A catastrophic fire broke out in the medieval roof of Notre-Dame de Paris, the French Gothic cathedral, just before 6.20pm, today in 2019. By 7pm, first smoke and then flames became visible from the streets below, which quickly filled with anxious crowds. Shortly before 8pm, the 96m tall flèche (the wooden spire, seen above) collapsed. The body of the cathedral was saved by its stone vault ceiling, which held when the burning roof collapsed, and by the more than 400 firefighters at the scene. Had the vault failed, the church’s famous flying buttresses might have caused the walls of the nave to implode.

Nikita Khrushchev, the bullish leader of the Soviet Union in the 1950s and 60s, was born today in 1894 in a poor Russian village. During his premiership, he launched a devastating assault on Christianity. He imprisoned all kinds of professional Christians on fictional charges, shut down two-thirds of the country’s churches and monasteries, and banned children from going to church.

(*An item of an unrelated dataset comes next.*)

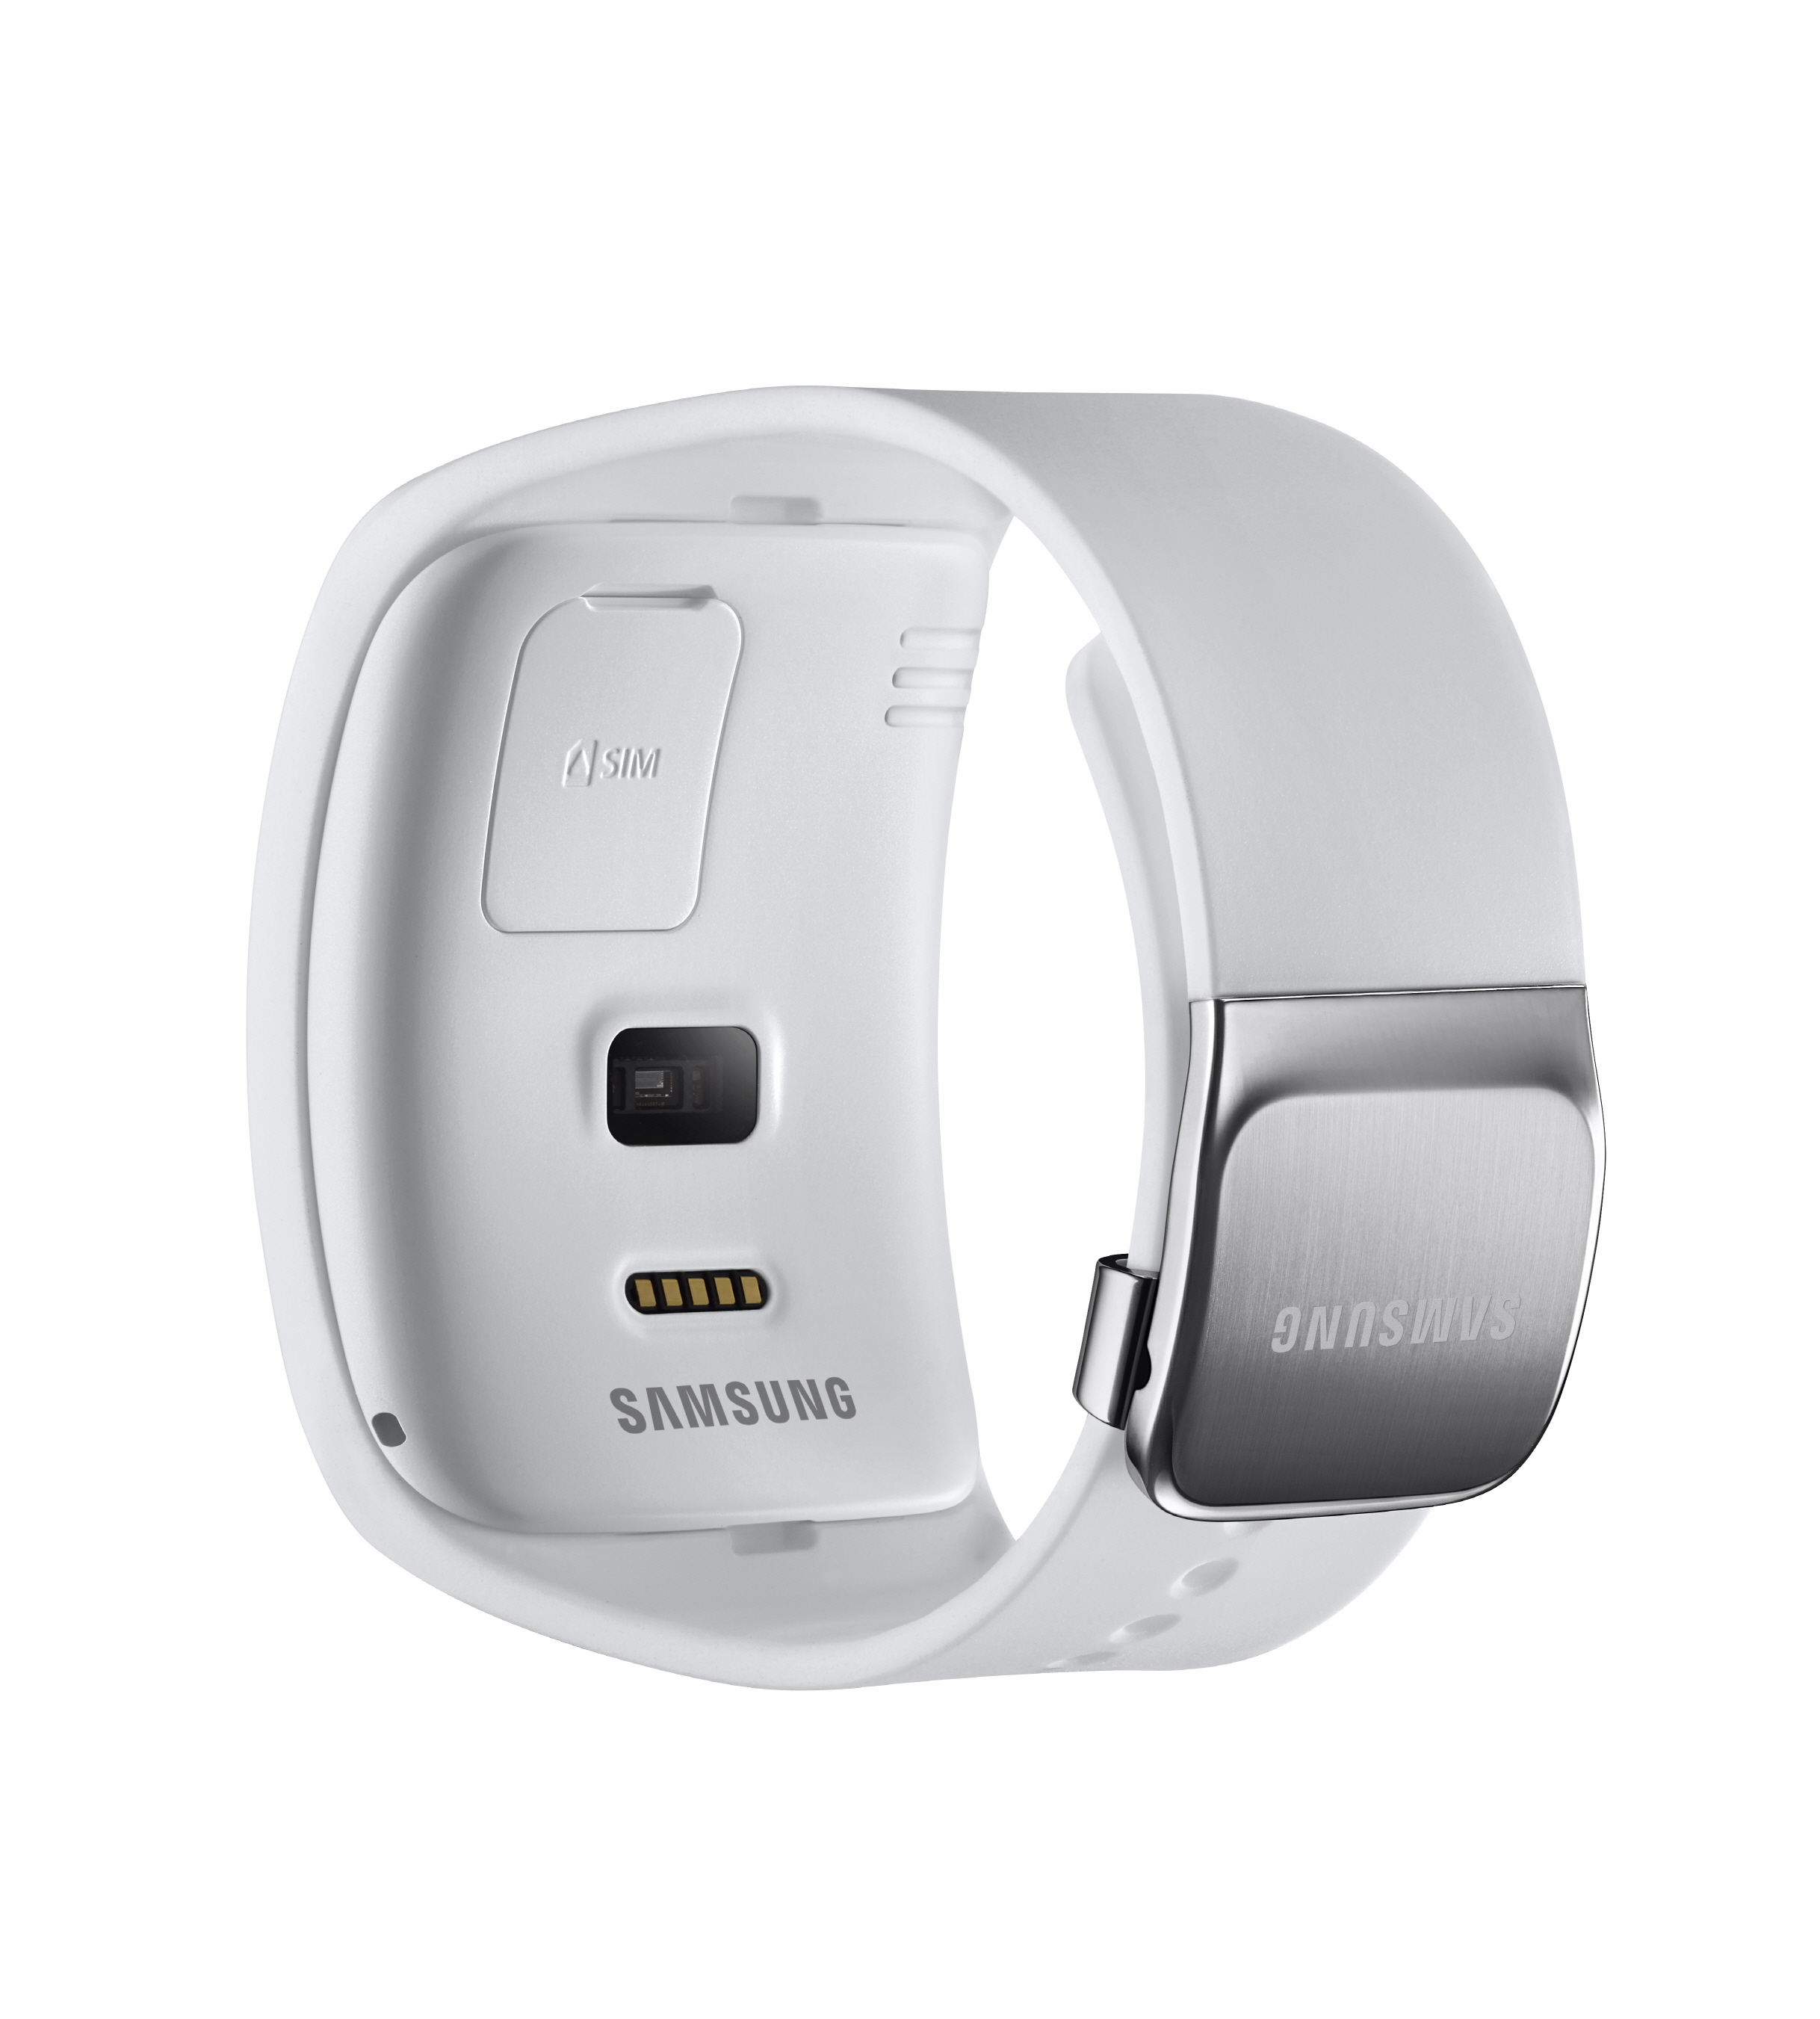 Samsung apresenta Guear S, sua nova geração de smartwatches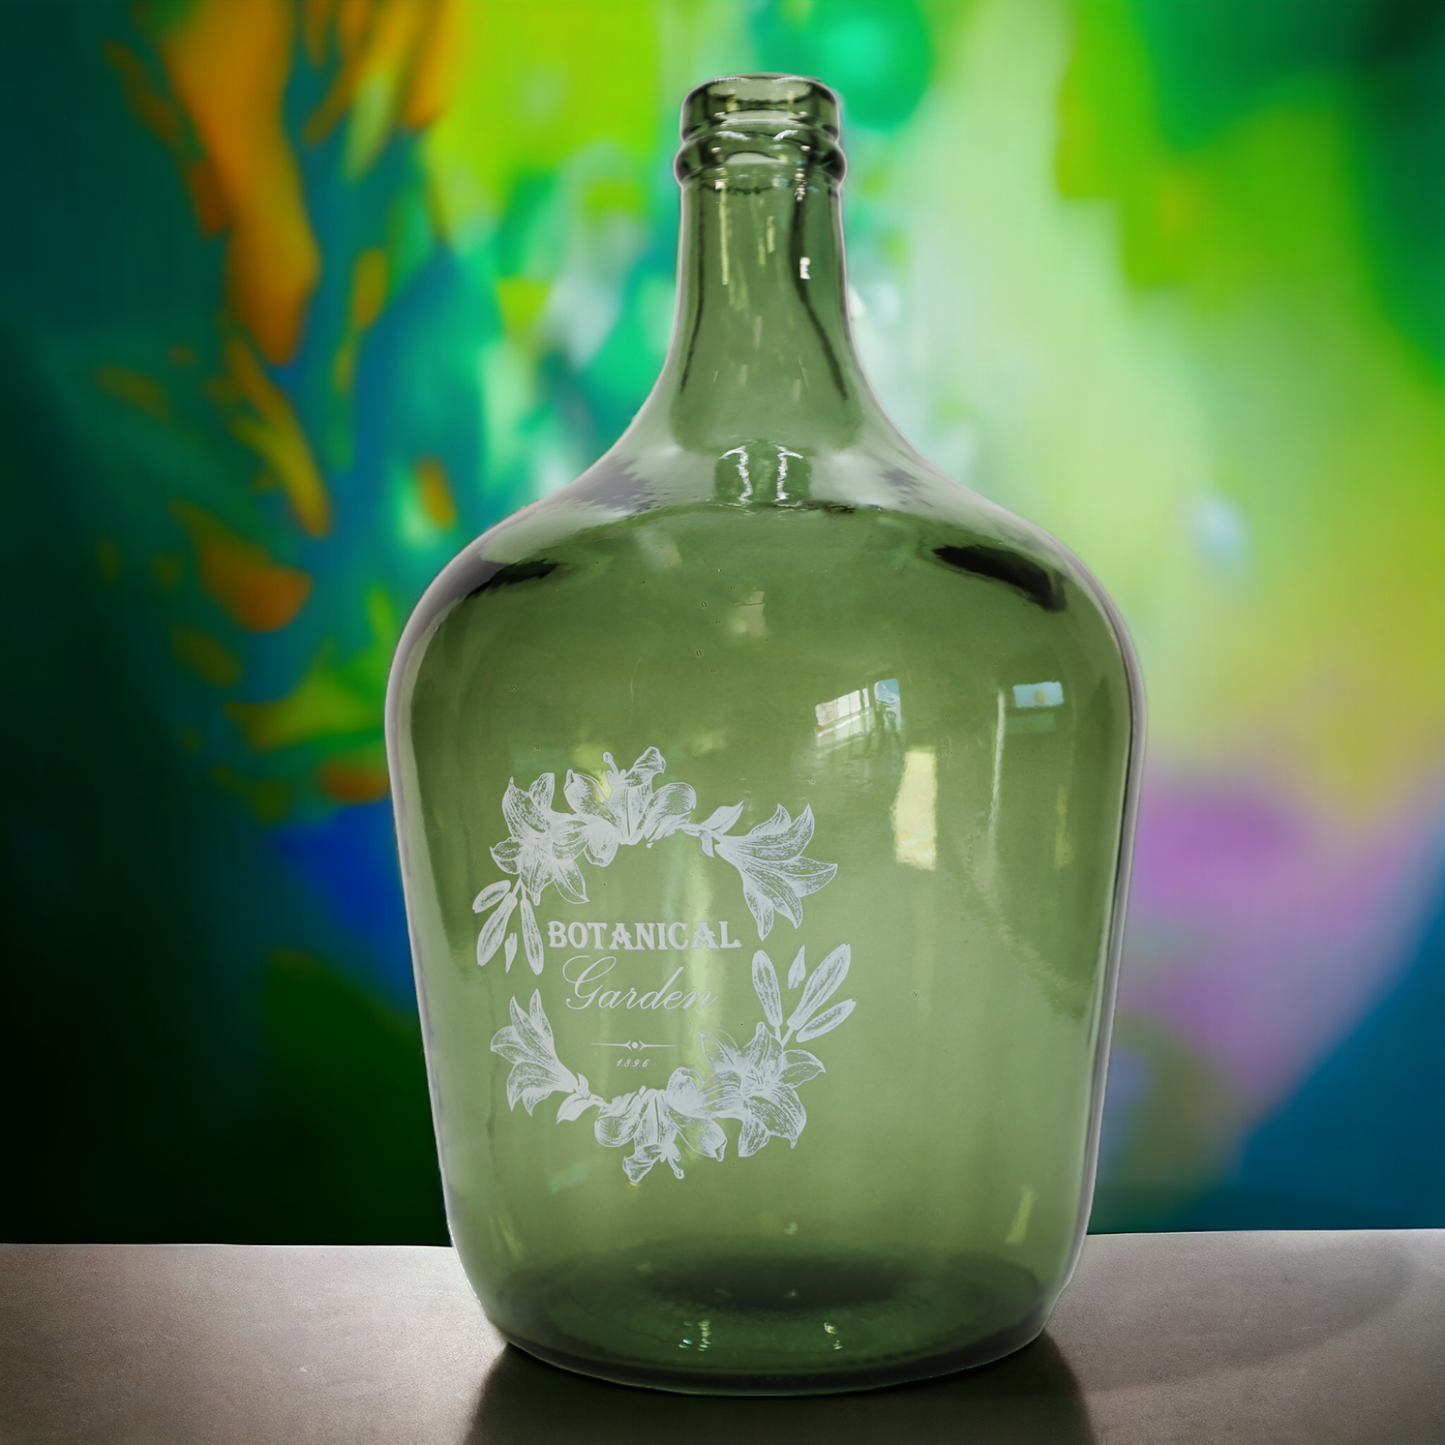 Vase - Flaschenkaraffe "Botanical" 34 l grün mit Aufdruck - 56 cm

‘Whether you like it or not, history is on our side. We will bury you.’ Nikita Khrushchev, 1956

On this day in 1972, 200 years after his death, hymnwriter John Newton finally hit the big time when his hymn, ‘Amazing Grace’, made it to No.1 in the UK charts. Recorded as a bagpipe solo by the band of the Royal Scots Dragoon Guards, it stayed at No. 1 for a richly deserved five weeks.

It is St Hunna’s Day. The wife of a nobleman from Strasbourg, she made it to sainthood by doing laundry for all her neighbours, regardless of class. They called her the Holy Washerwoman. She died in the year 679.